От запаха плесени, который витал вокруг него, у Эверарда засвербило в носу. Место, где он лежал, было не слишком велико, ибо пальцы его ног во что-то упирались.
Когда он попробовал шевельнуться, голос снова шепнул: «Ш-ш». К его лицу прикоснулось что-то легкое и теплое. Это были женские пальцы.
Что все это, черт возьми, означает?
Эверард попробовал поднять правую руку и стиснул зубы, чтобы не закричать. Кисть в самом деле сломана.

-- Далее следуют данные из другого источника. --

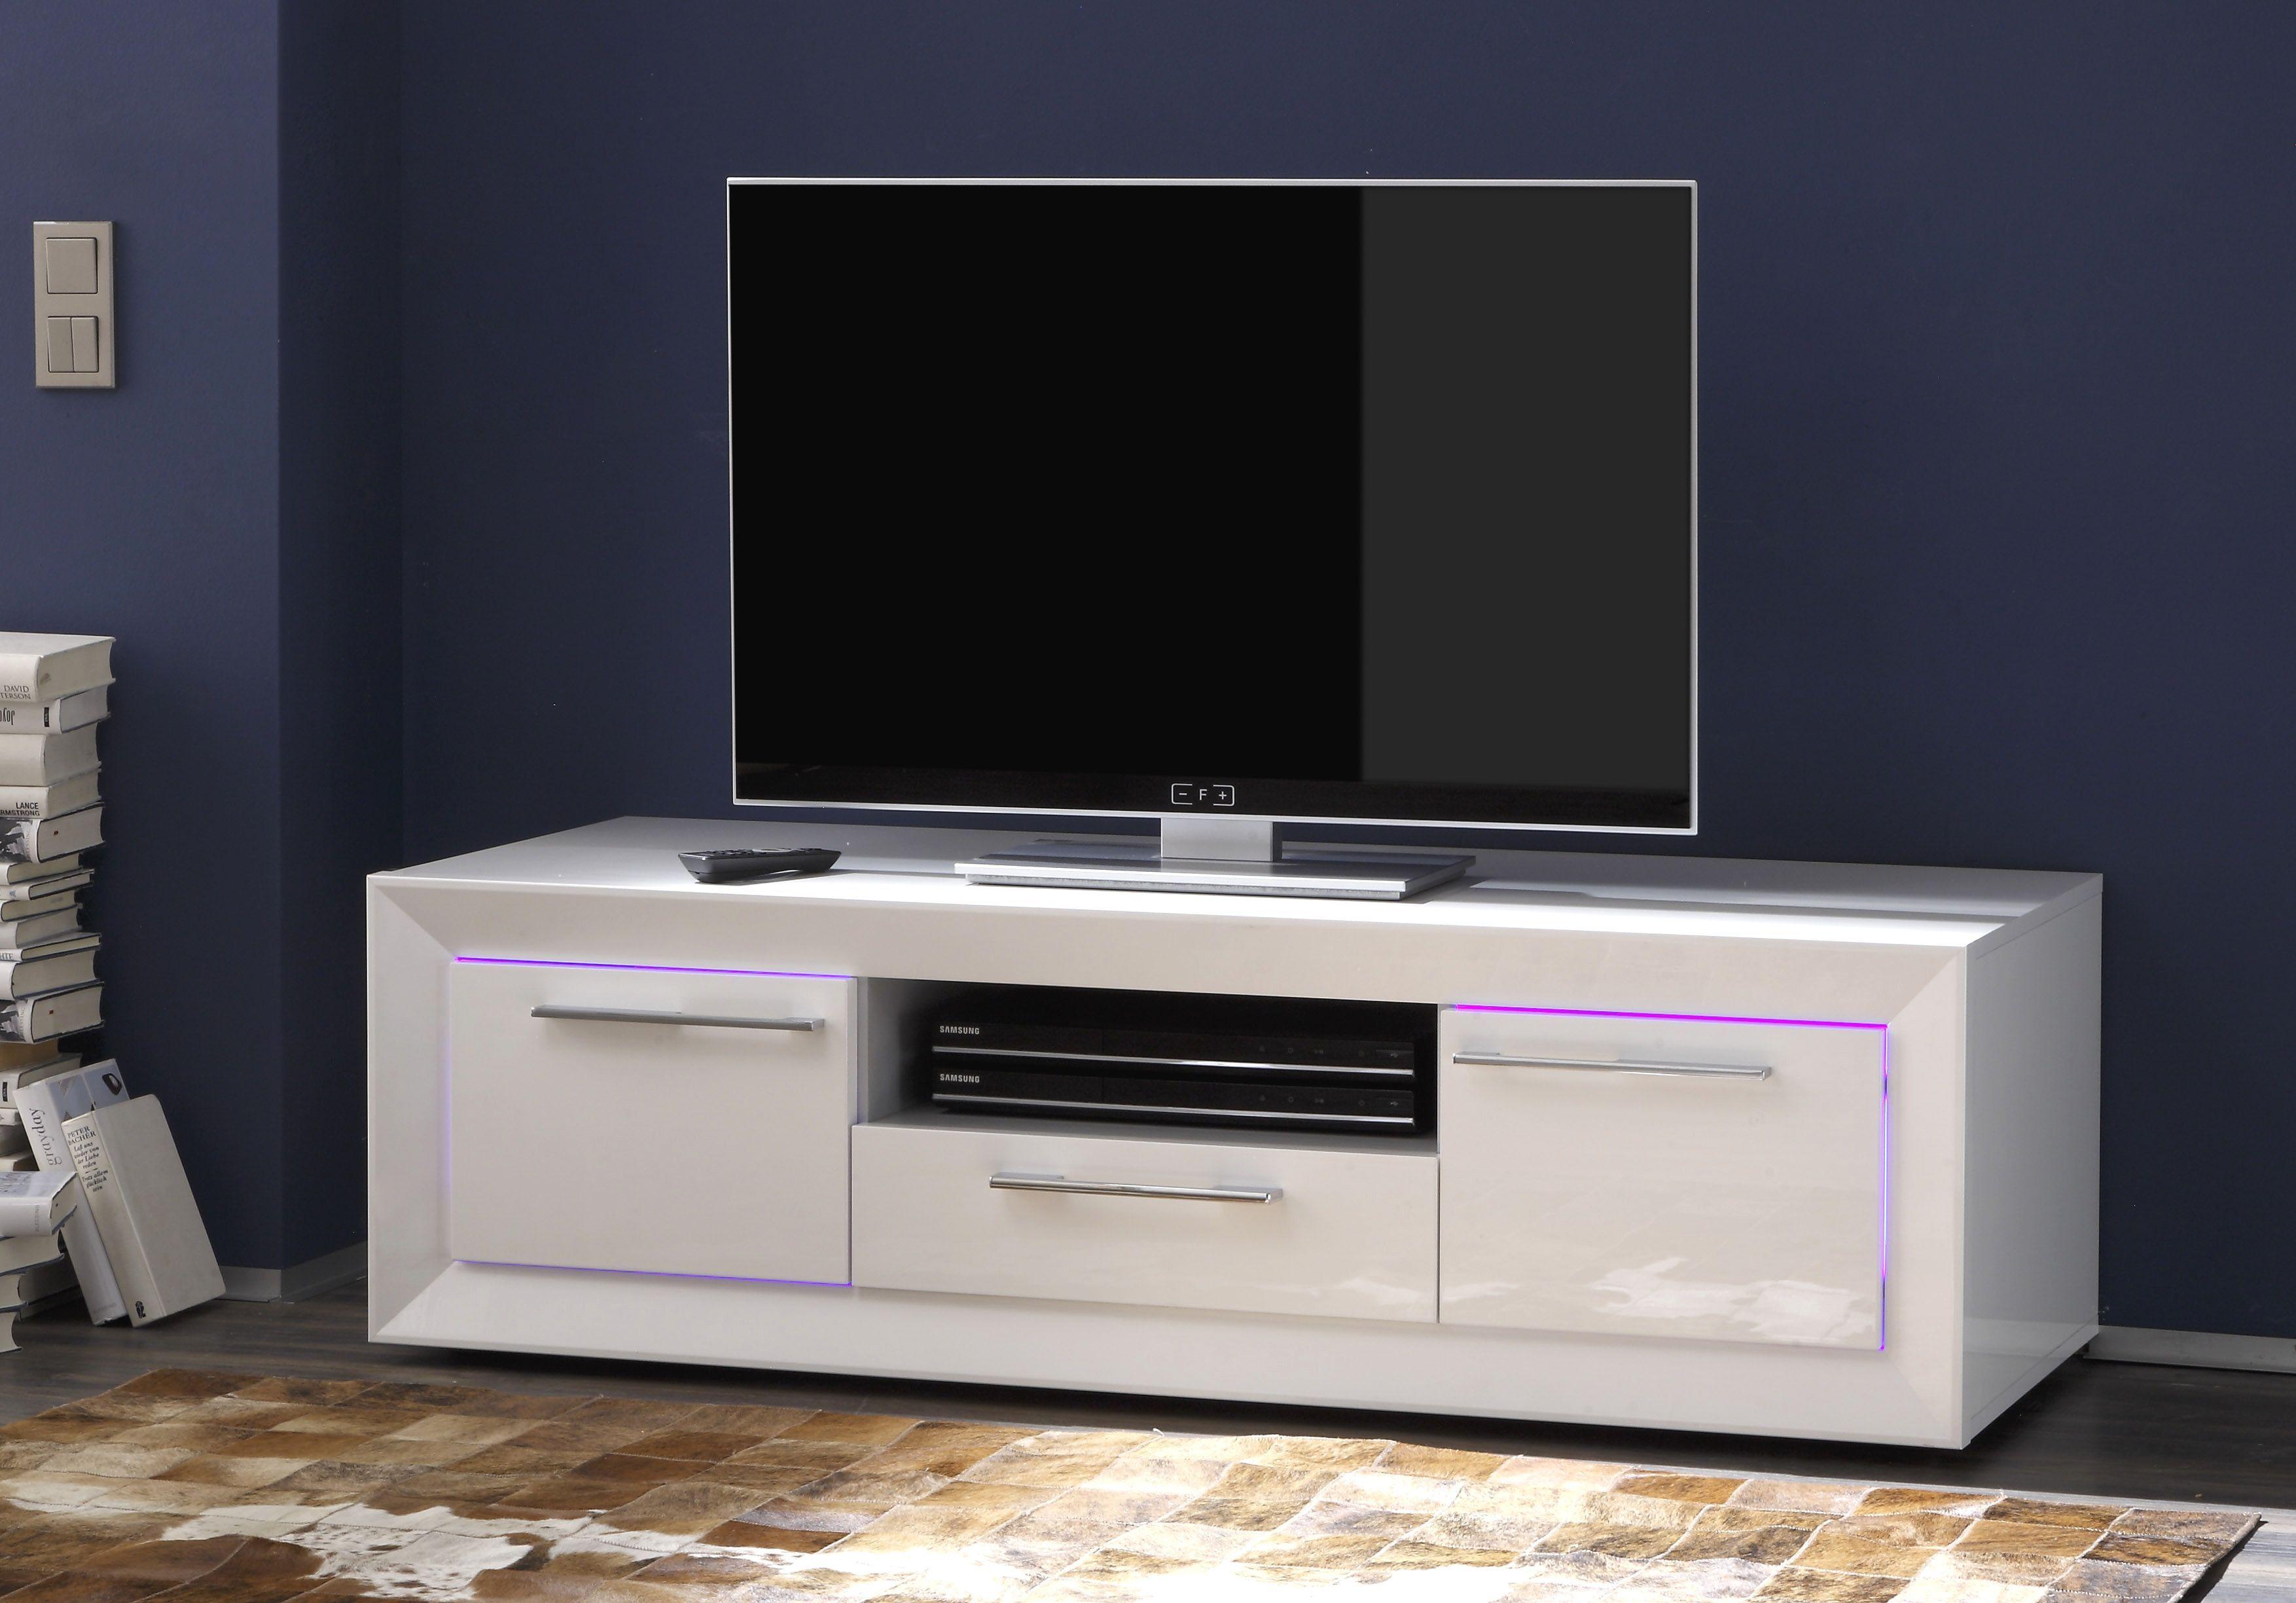 Etourdissant Meuble Tv 140 Cm Blanc Meuble Tv Design Meuble

Вопреки его воле у него вырвался стон.
Пальцы легли на его губы.
– Тише, тише, – прошептал голос. – Они наверху, в доме, ищут вас.

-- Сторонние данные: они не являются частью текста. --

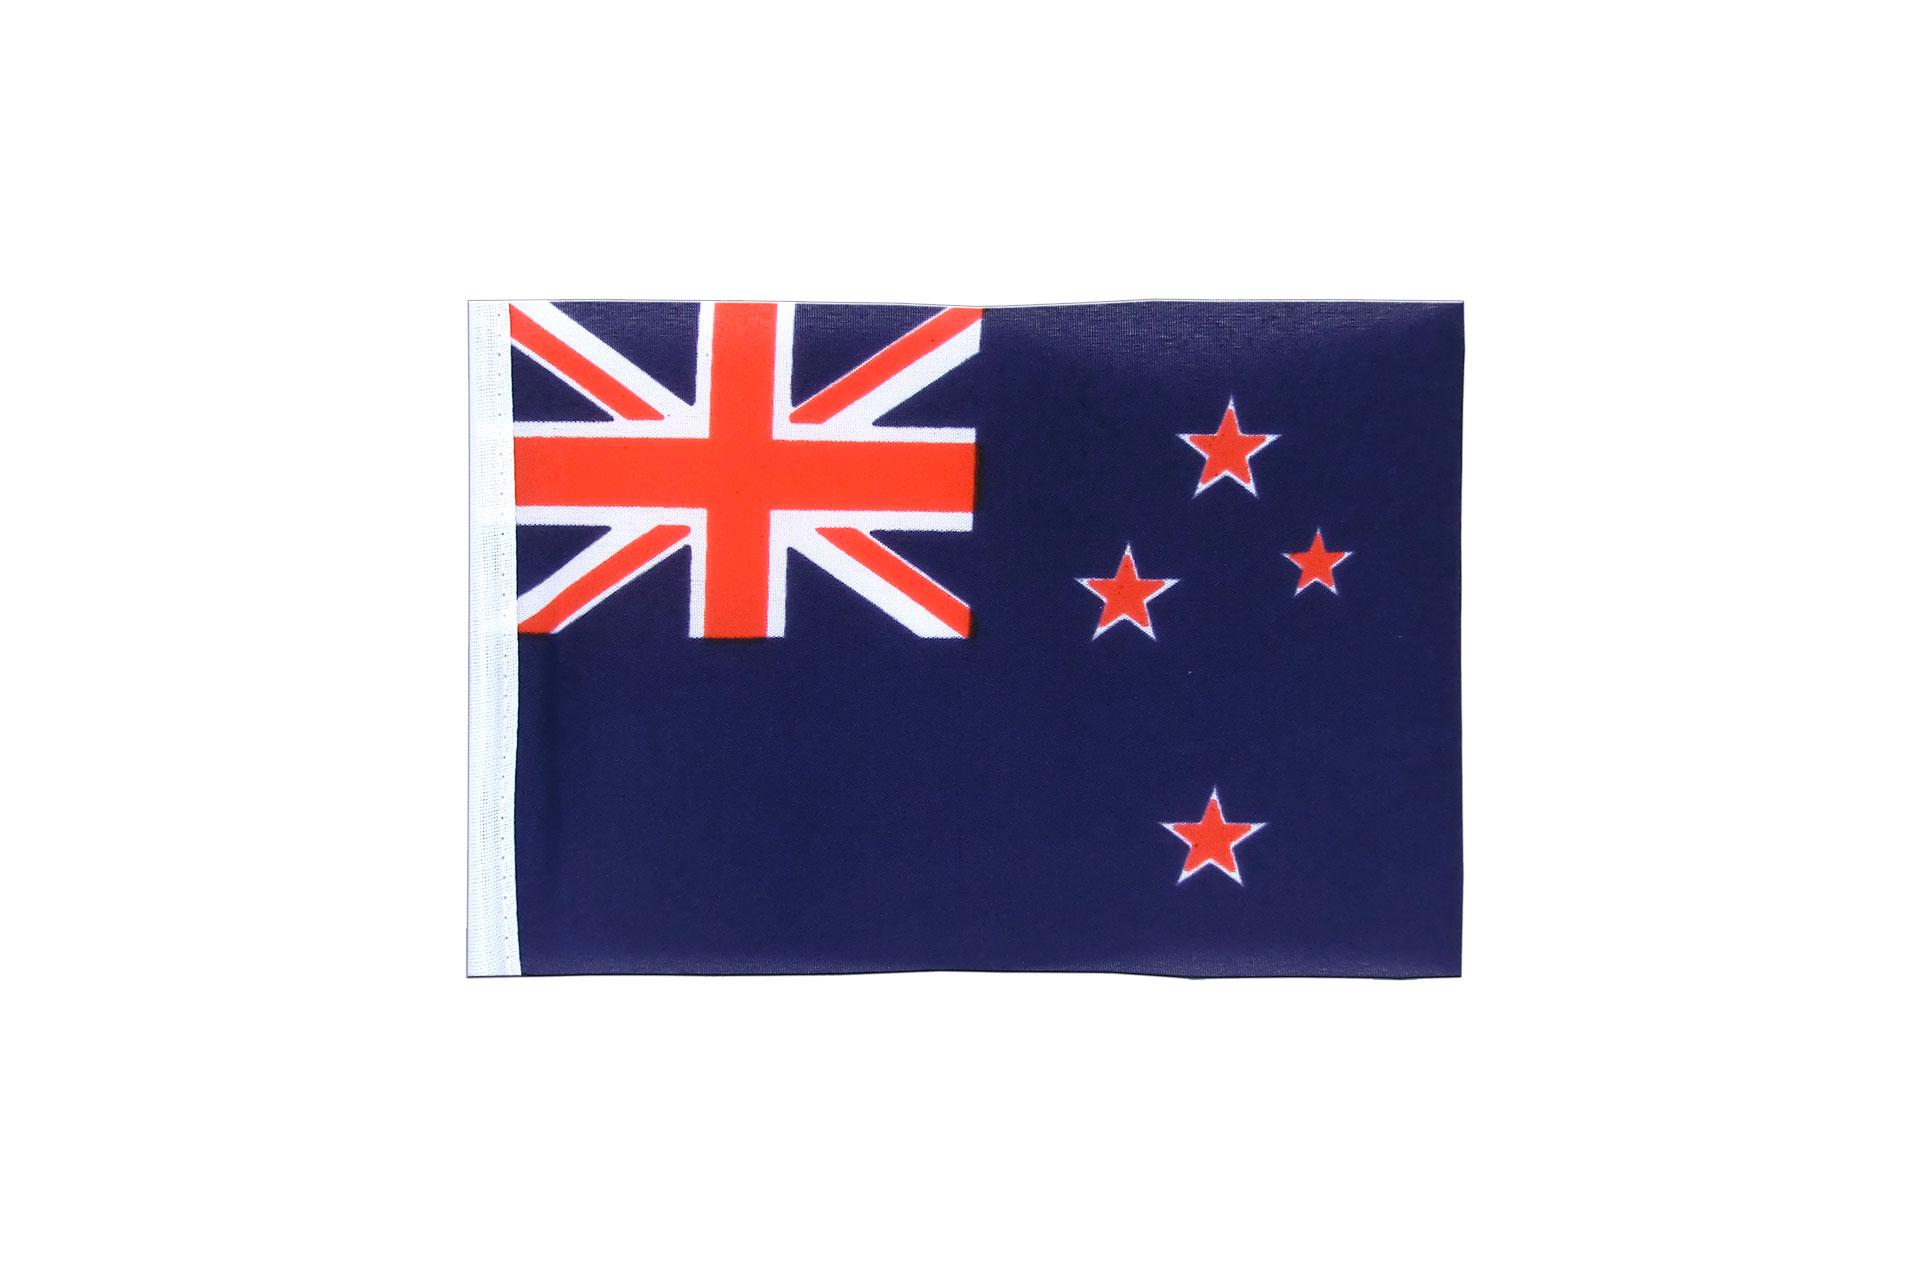 Mini New Zealand Flag  4x6  RoyalFlags

«Клянусь распятым Христом, я знаю этот голос», – подумал Эверард.
Эмма. Длинноногая, с шелковистыми каштановыми волосами. Он привел корову, чтобы переспать с ней, но все повернулось совершенно неожиданно. И вдруг он все вспомнил.
Эверард почувствовал, как ее пальцы гладят его лоб. Его глаза так сильно распухли, что он не мог ее видеть. Зато он с особенной силой ощущал всю мягкость ее тела. Казалось, что от ее близости, от ее тепла боль немного утихает. «Значит, я где-то под домом ткачей», – сообразил Эверард. Скорее всего это их овощной погреб. А этот специфический запах – запах репы.

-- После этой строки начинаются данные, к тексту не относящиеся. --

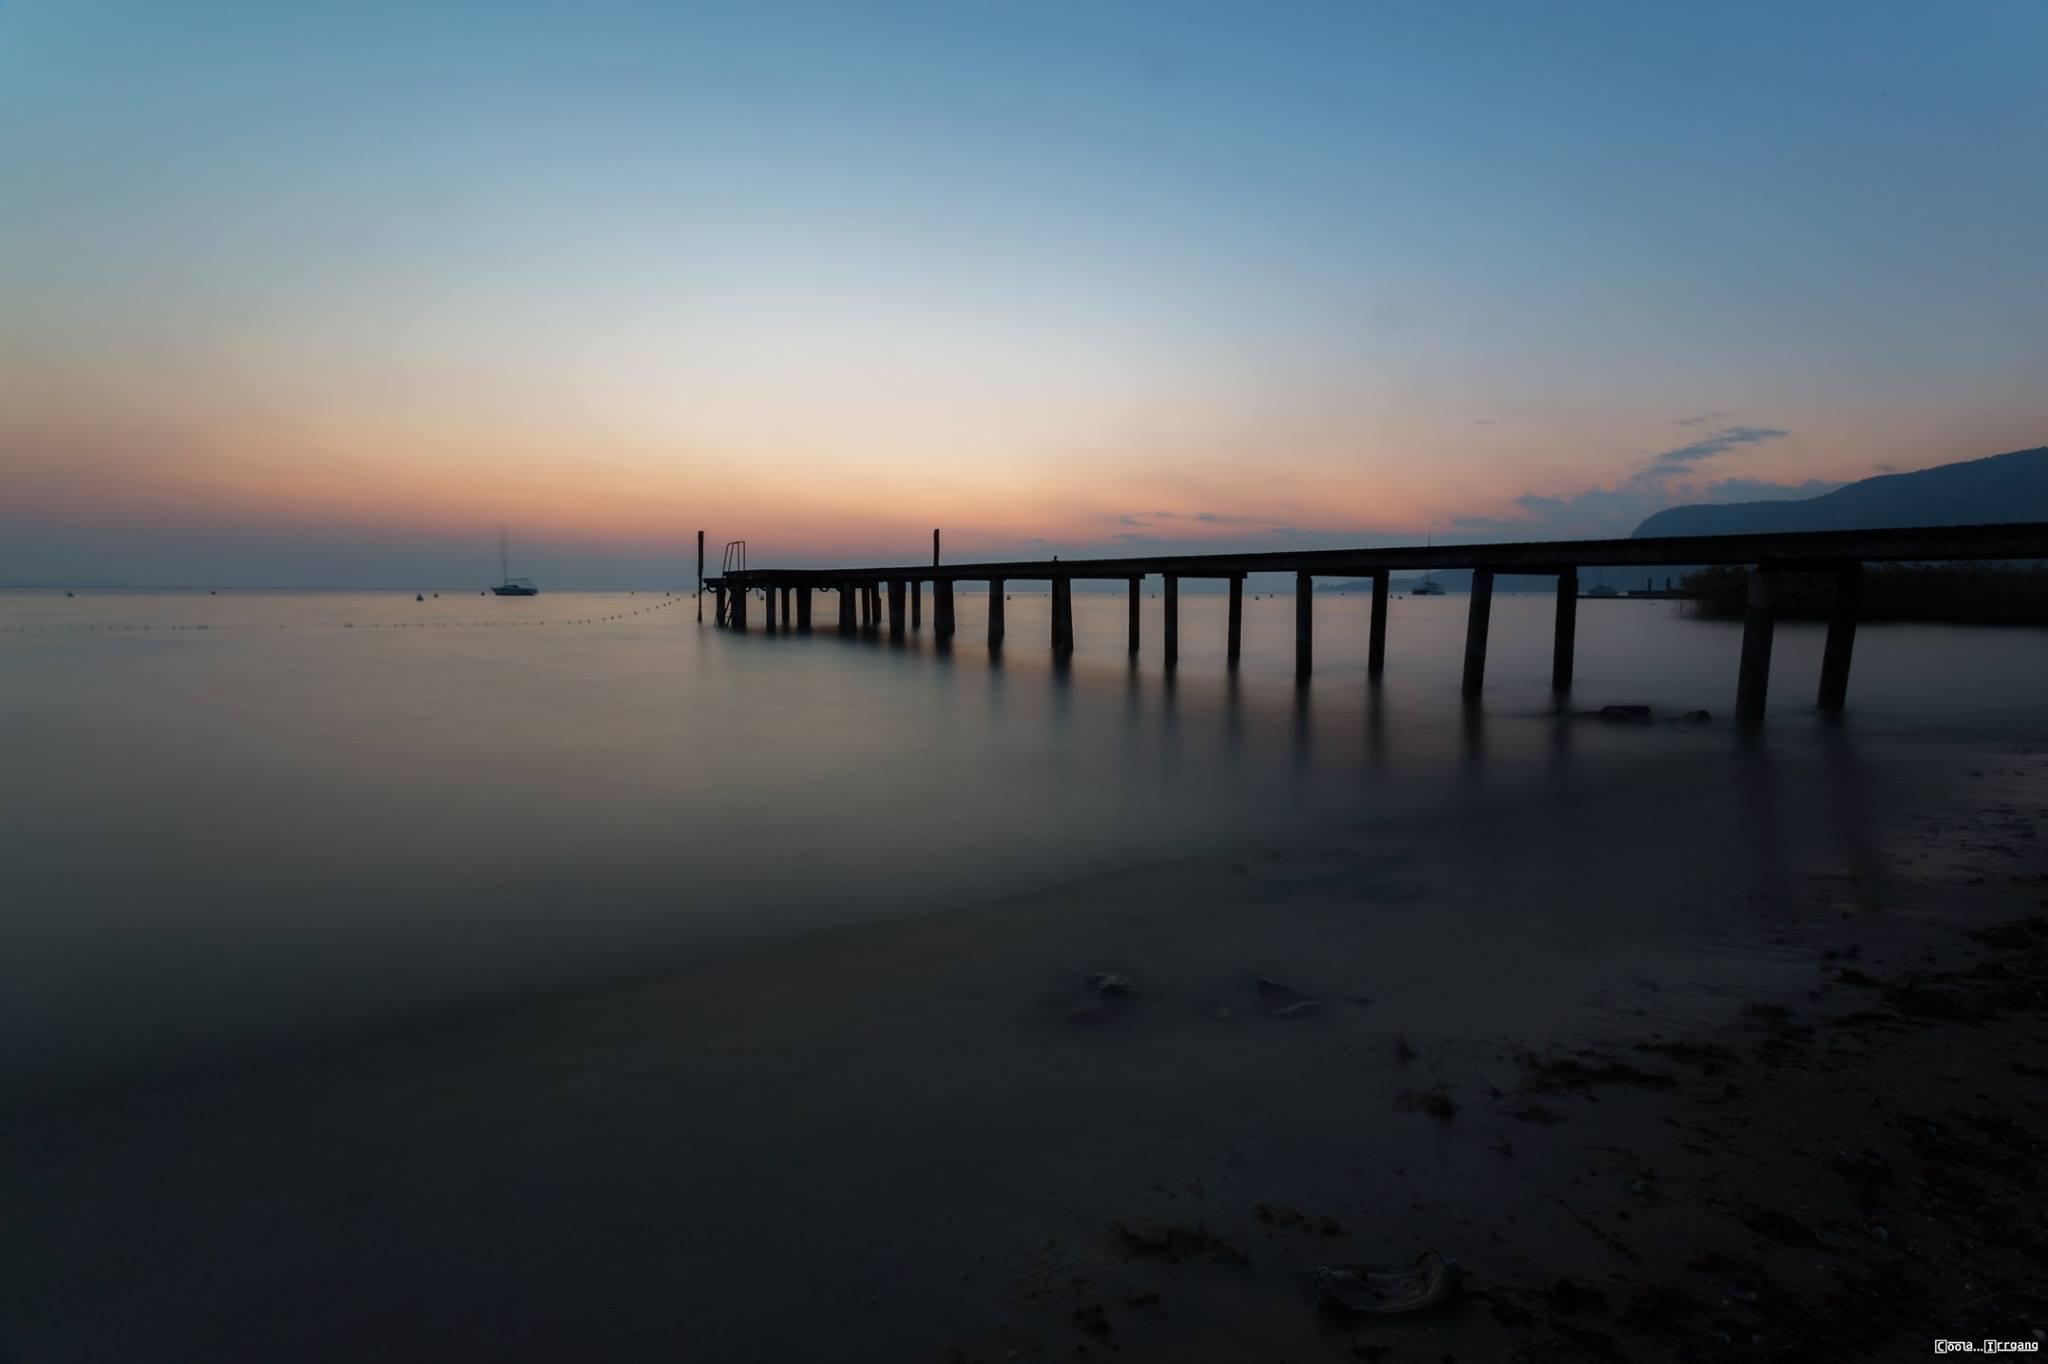 Sonnenuntergang in Bardolino am Gardasee

Впервые за весь этот день он разрешил себе расслабиться, перестать бороться с болью. Еще раз, помня о сломанных ребрах, сделал неглубокий, осторожный вдох.
Он все никак не мог поверить, что находится в овощном погребе, что он жив и милая Эмма держит его в своих объятиях.
Значит, его укрывают у себя ткачи.
– Да, сегодня все принимали присягу, – говорил Роберт Фицджилберт, – хотя и без особого желания. Достаточно было взглянуть на лица присягающих вельмож Англии и Нормандии, среди них, естественно, были и мои дяди, когда они вкладывали руки в ладони короля, чтобы понять, что они чувствуют.
– Но ведь никто из них не посмеет бросить открытый вызов королю Генриху, – осторожно заметил Уильям де Кресси. – Чтобы сохранить мир с королем, вельможи вынуждены будут присягнуть в верности императрице.
Они все были настроены против решения короля признать дочь своей законной наследницей, зато не жалели похвал по адресу Роберта Глостера, незаконнорожденного сына короля, который, будь он законным наследником, по их мнению, решил бы все проблемы Англии.
Констанс не очень-то интересовали подобные политические разговоры. Вместе со своими суссекскими вассалами она отправилась в свой дом на Хай-стрит. Сопровождал их сильно подвыпивший Роберт Фицджилберт, который никак не хотел пожелать им доброй ночи и отправиться восвояси.
Возможно, принесение присяги в Винчестере еще продолжалось, хотя Констанс и сомневалась в этом. Солнце зашло уже много часов назад, и колокола давно прозвонили к вечерне.
Фицгамелин фыркнул:
– Но что будет после смерти короля? Мы все знаем, чего стоят клятвы в таких случаях.
Все заговорили сразу.
– Что вы думаете о Роберте Клито, сыне герцога Роберта? – спросил де Кресси.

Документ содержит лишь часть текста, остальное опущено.